- Born: Atlanta, Georgia
- Occupations: Film producer, director, writer
- Years active: 1990s–present

= Dawn Fields =

American film producer

Dawn Fields is a Los Angeles based film producer, director and writer who has worked in the film and television industry since the 1990s. In 2015/2016, her short film Fragile Storm, starring Lance Henriksen (Aliens, Millennium), Mackenzie Mason, and Jody Jaress, garnered numerous film festival awards. She is currently in development as the writer/director/producer of the Christmas horror/fantasy Zombie Elves and is also the writer/director/producer of the multi-award winningshort film FOUND and the romantic dramedy Touch. Before making the transition to writer/director, Fields worked as a producer, editor, assistant director, production manager and production assistant for such companies as Lucasfilm, Tristar, Twentieth Century Fox, Bret Ratner's Rat Productions, Orion, Lorimar, Morgan Creek, ABC, NBC/Universal and Aaron Spelling Productions. In the beginning of her career she worked on such notable projects as The Young Indiana Jones Chronicles (with George Lucas), Love Potion No. 9 (Sandra Bullock and Tate Donovan), Wilder Napalm (Dennis Quaid and Debra Winger), Free-Jack (Mick Jagger and Emelio Esteves) and Big Dreams and Broken Hearts: The Dottie West Story (Michelle Lee).

==Background==
Fields is originally from Atlanta, Georgia. She runs a production company in Los Angeles called Palm Street Films. In addition to film work she produced an award-winning music video for Gospel R&B artist Vickie Winans.

==Career==

===1990s===
In 1991, she was a production assistant in the Geoff Murphy directed film Freejack. The following year she worked in the same capacity in the made-for-television film Grass Roots which was directed by Jerry London. In 1993, she was the assistant director for Mardi Gras for the Devil which was directed by David A Prior, and starred Robert Davi, Michael Ironside and Lesley-Anne Down. Also that year she was production assistant in Wilder Napalm which was directed by Glen Gordon Caron, and starred Debra Winger and Dennis Quaid.

===2000s===
In 2009, Fields began filming a documentary about an abandoned water park called Rock-A-Hoola.

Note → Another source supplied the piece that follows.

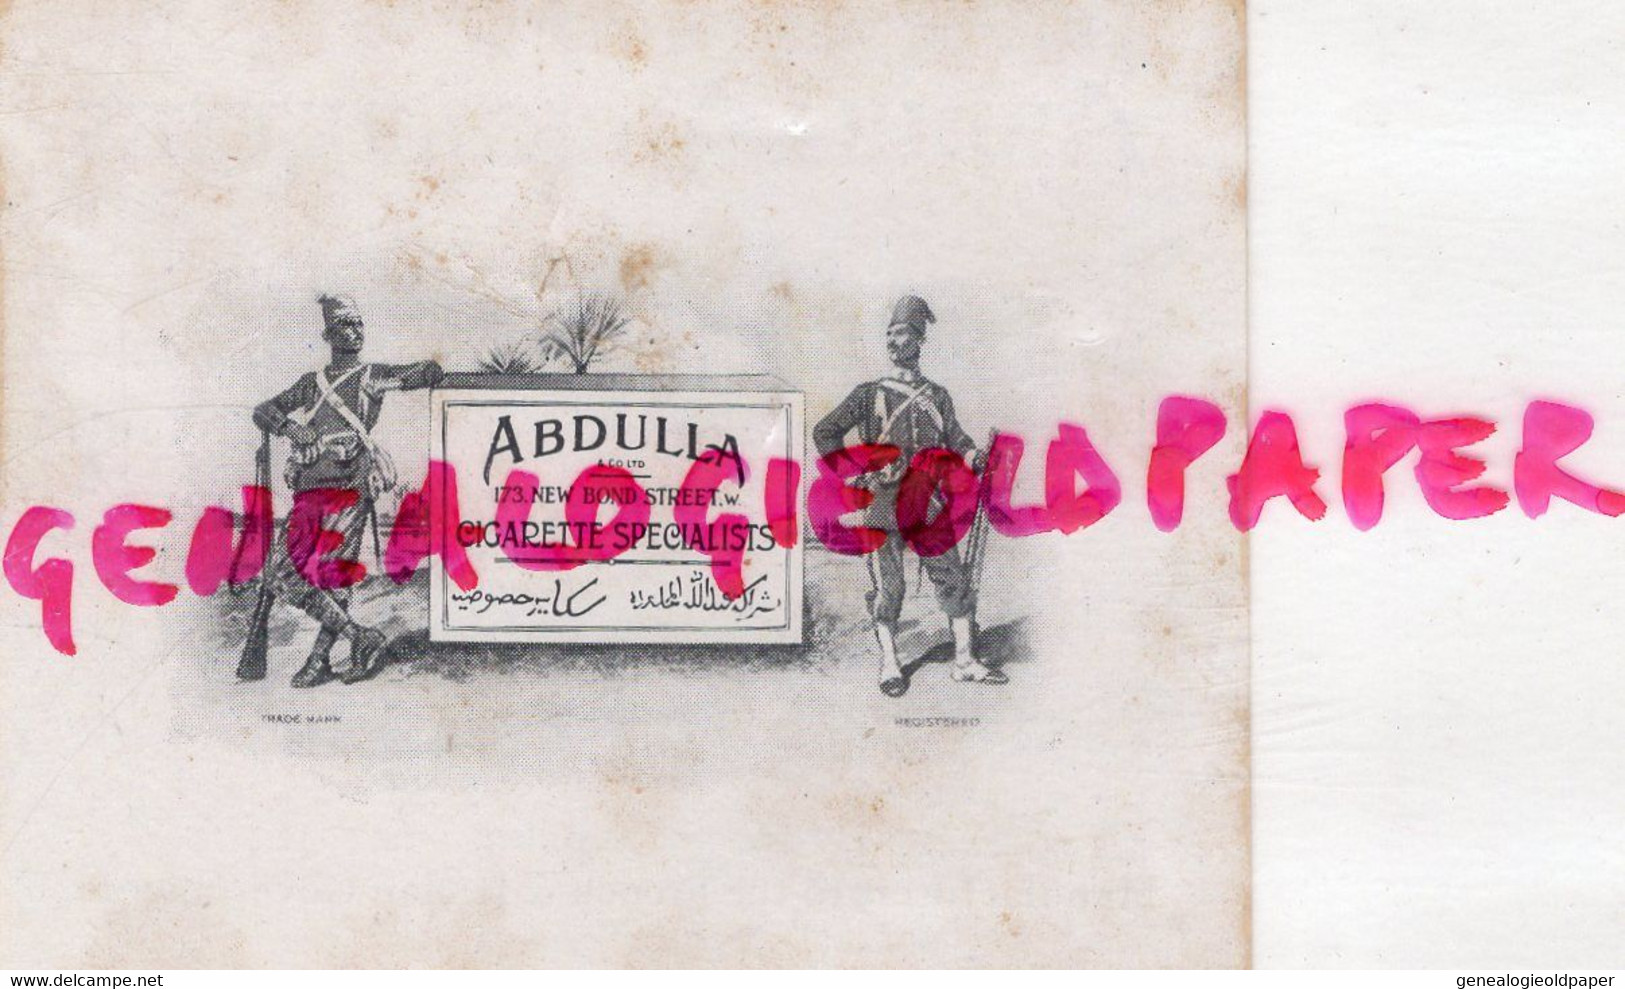 ANGLETERRE- CARTE ABDULLA CIGARETTE -173 NEW BOND STREET TIRAILLEUR AFRIQUE- ZIGARETTEN- TABAC- - Documenti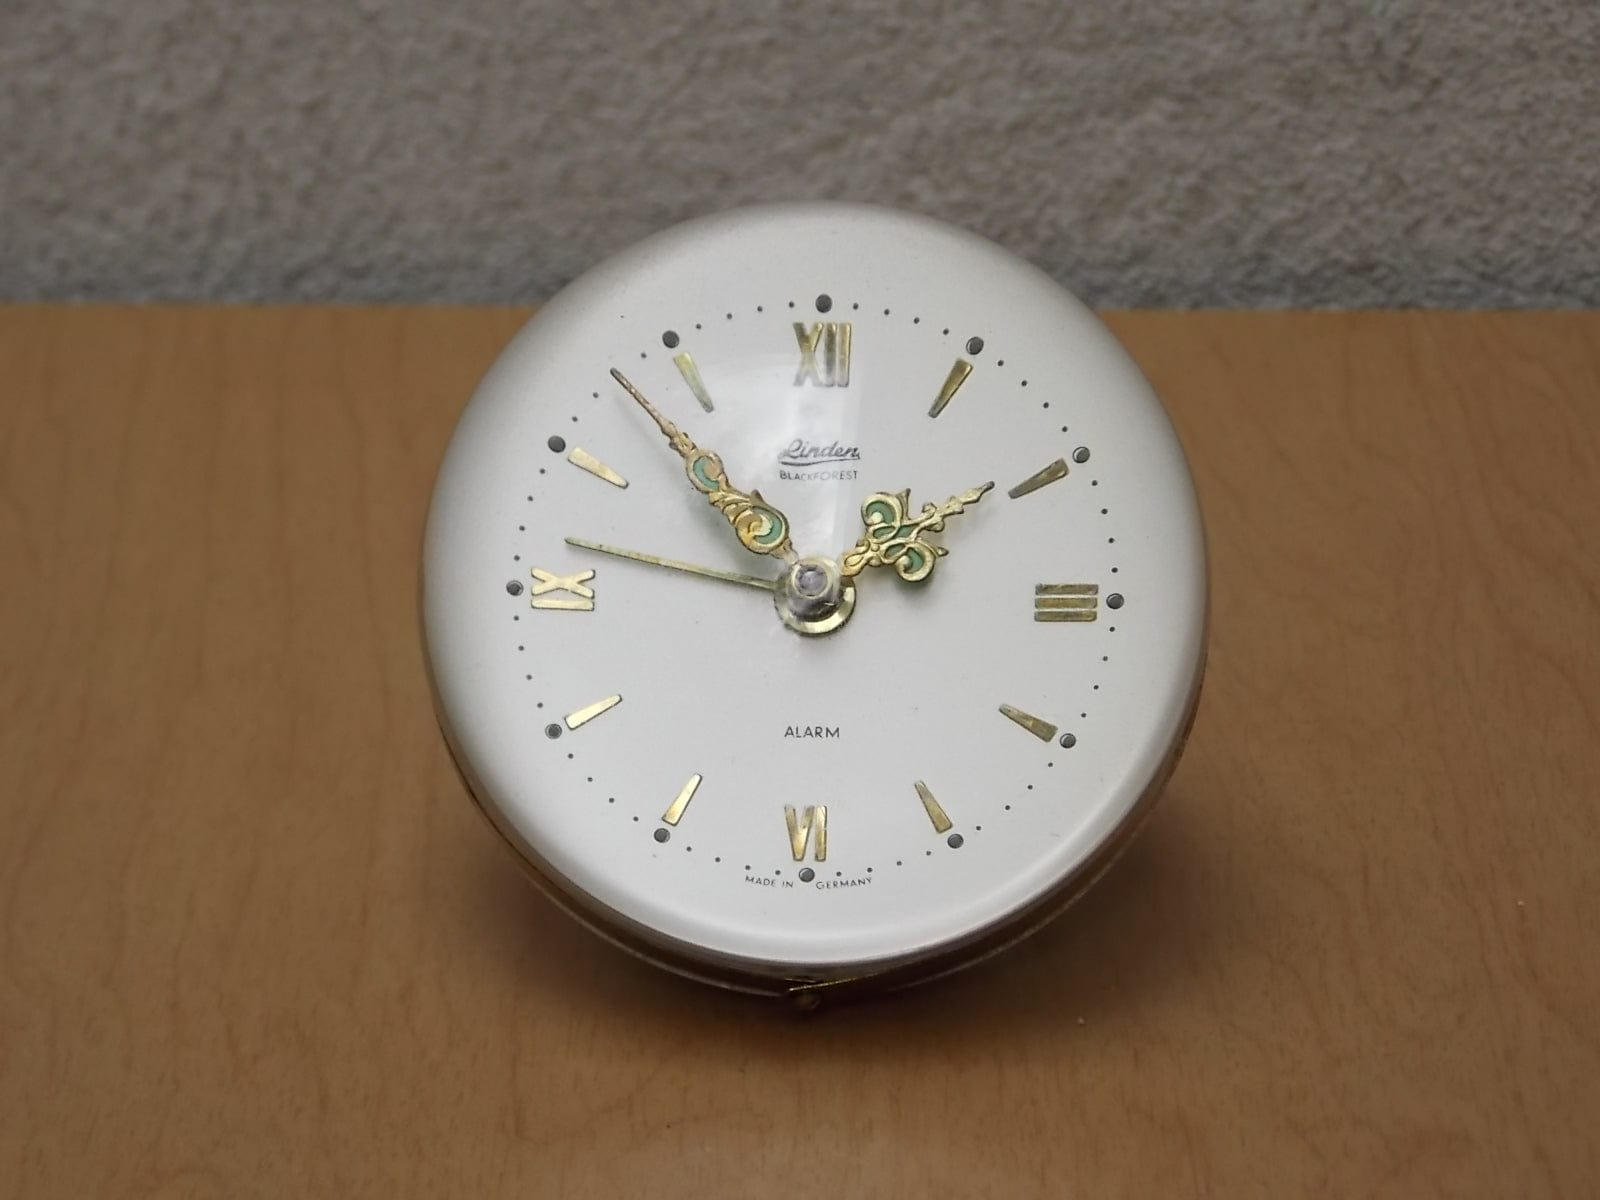 I Like Mike's Mid Century Modern Clock Linden Blackforest Round Bubble Alarm Clock

Her short film Touch that was co-produced with James Popiden starred Dove Meir and Natalie Shaw. It was shown at the 2014 Dances With Films festival in Los Angeles. In 2014 she directed Fragile Storm. She had co-written the story with Carly Street. It was co-produced by Debbie Rankin, James Popiden, and Kelly Raymer. It starred Lance Henriksen, Mackenzie Mason, and Jody Jaress.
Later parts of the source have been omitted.